Inside the Engine · 14 min read · June 12, 2026

55 Directives Scored: Inside Allocera's Accuracy Measurement Methodology

As of May 2026, Allocera's CDAI engine has issued 56 directives and scored 55 of them through automated 30-day retest. 44 came back correct. 11 came back incorrect. The resulting accuracy: 80 percent — measured, not modeled, against actual contribution margin outcomes. This is the methodology breakdown that produces a number no other marketing analytics platform reports.

By Nick Baum · Founder, Allocera Intelligence

The marketing analytics category does not validate itself. The platforms that issue recommendations — multi-touch attribution tools, marketing mix models, the dashboard-driven advisory features built into HubSpot, Salesforce, and the major CRM stacks — produce numbers and move on. There is no native mechanism that goes back 30 days later and checks whether the number predicted reality. The industry has accepted that absence as the default state.

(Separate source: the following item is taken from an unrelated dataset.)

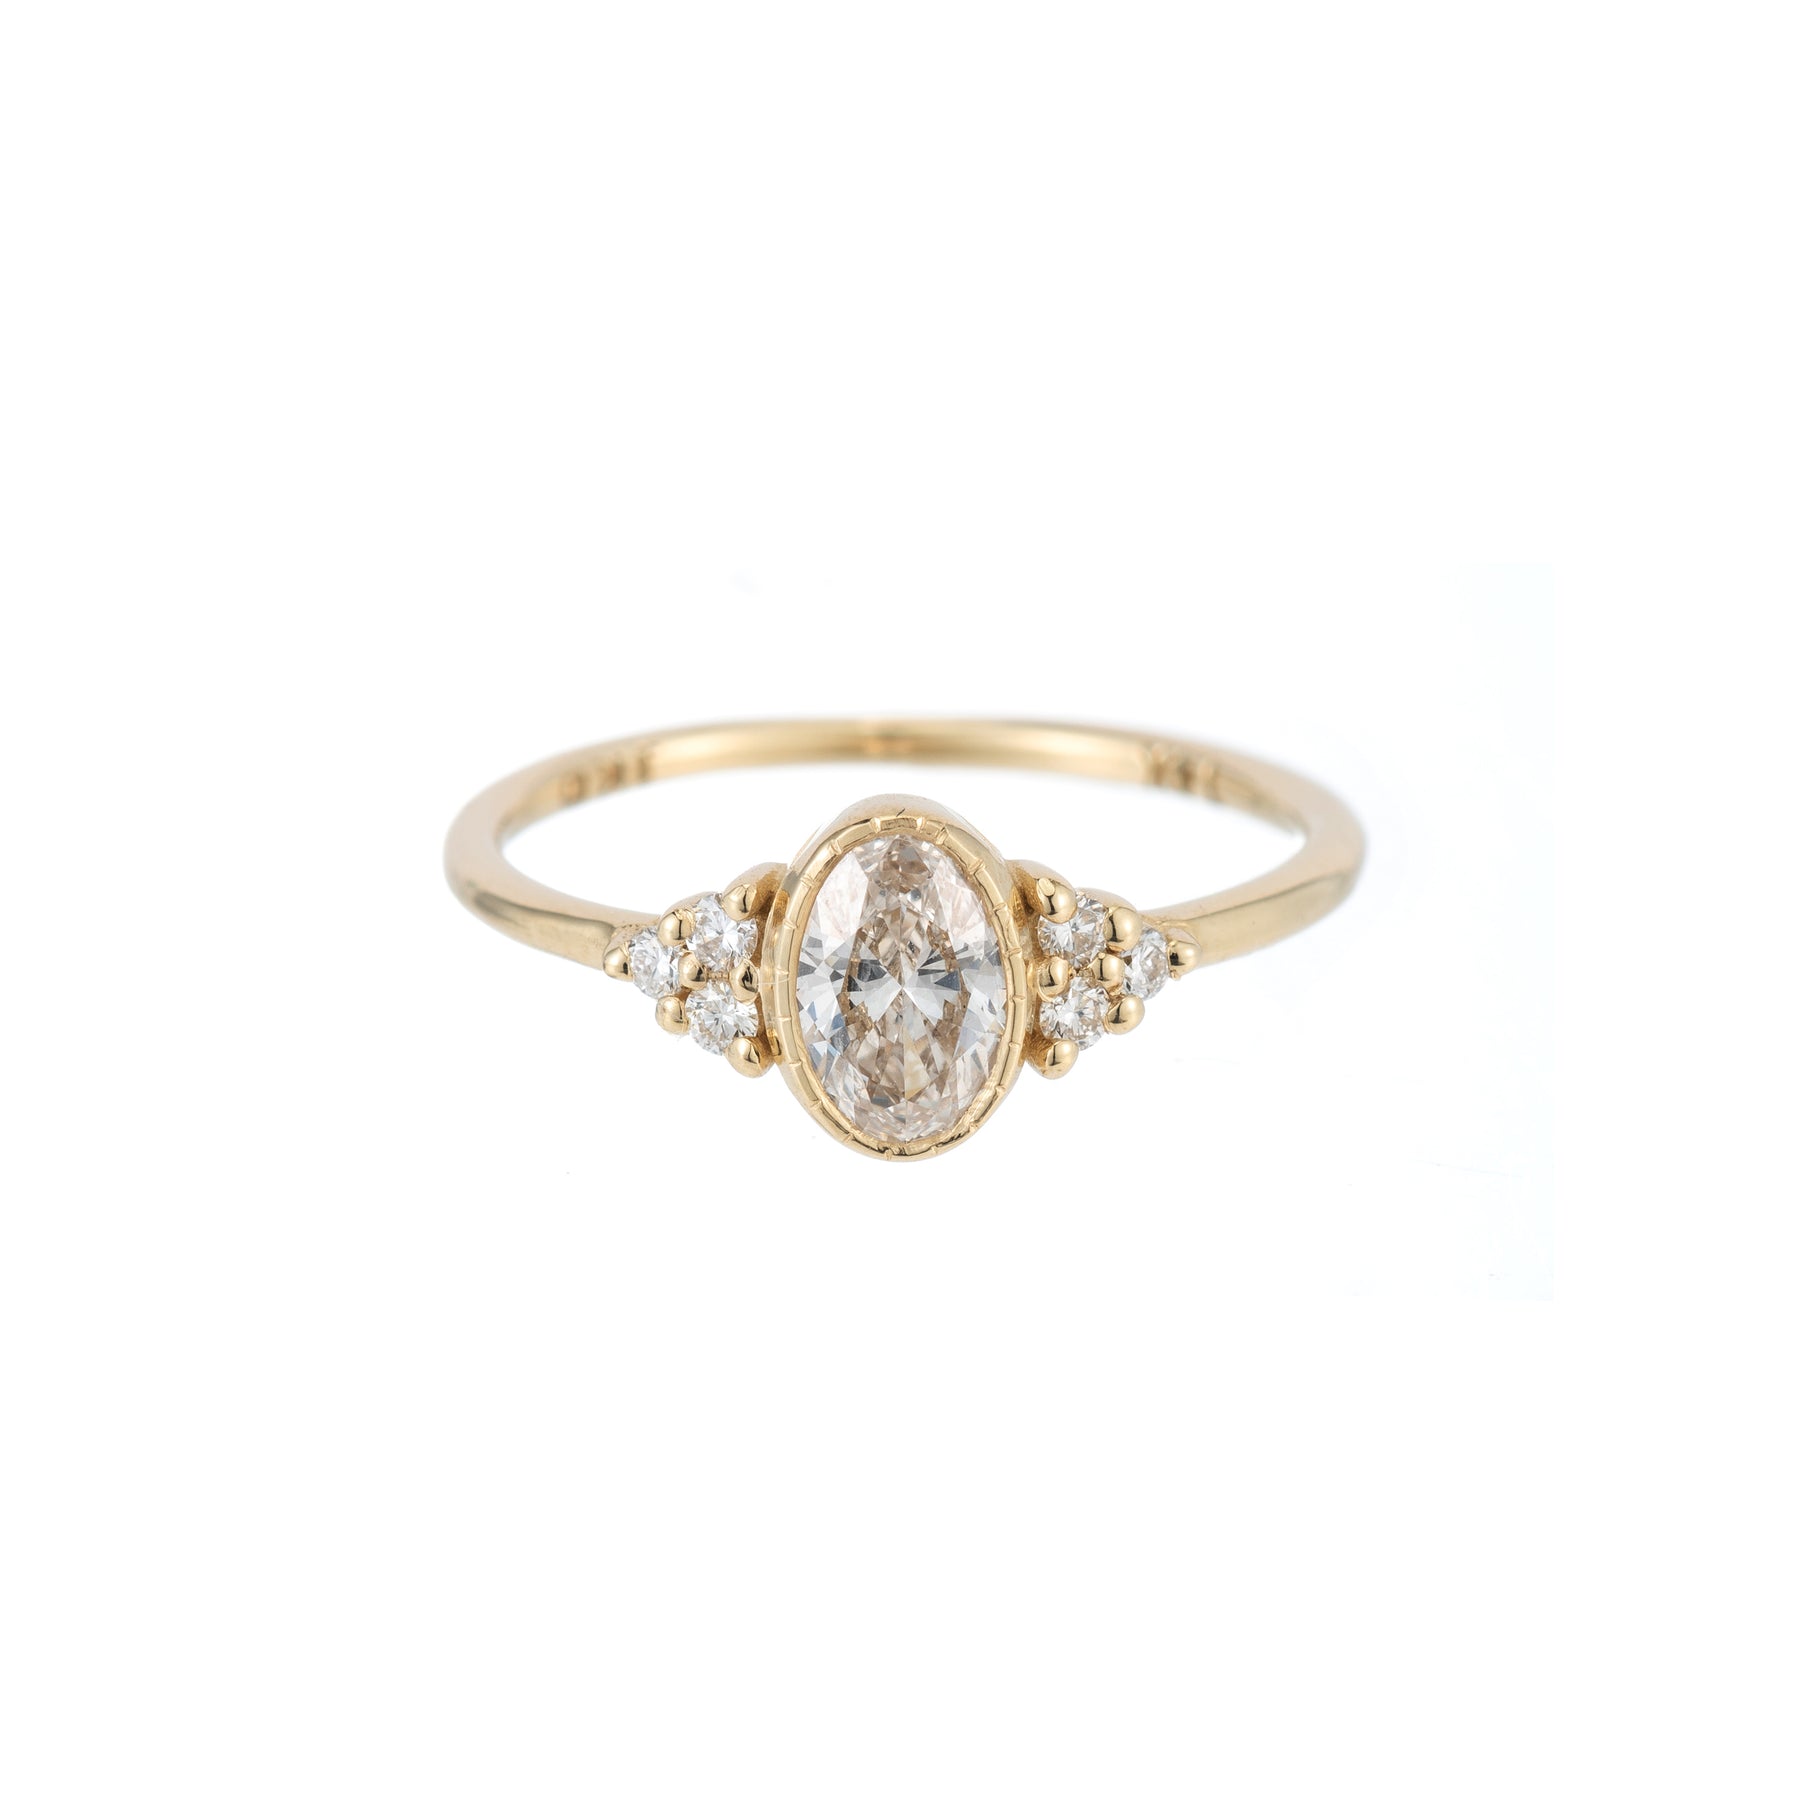 OVAL DIAMOND CLUSTER RING

Allocera was built around the opposite premise. Every directive the CDAI engine issues — SCALE, HOLD, CUT, PAUSE, FLAG — is stored with its pre-directive state. Thirty days later, the engine returns automatically, queries the post-directive contribution margin, classifies the outcome against deterministic rules, and updates an aggregate directive accuracy metric. There is no review step. There is no override. The grade gets recorded whether anybody wants to see it or not.

As of May 2026 the result of that methodology is concrete. 56 directives issued. 55 scored. 44 correct. 11 incorrect. 80 percent measured directive accuracy. One directive remains within its 30-day window and is pending retest.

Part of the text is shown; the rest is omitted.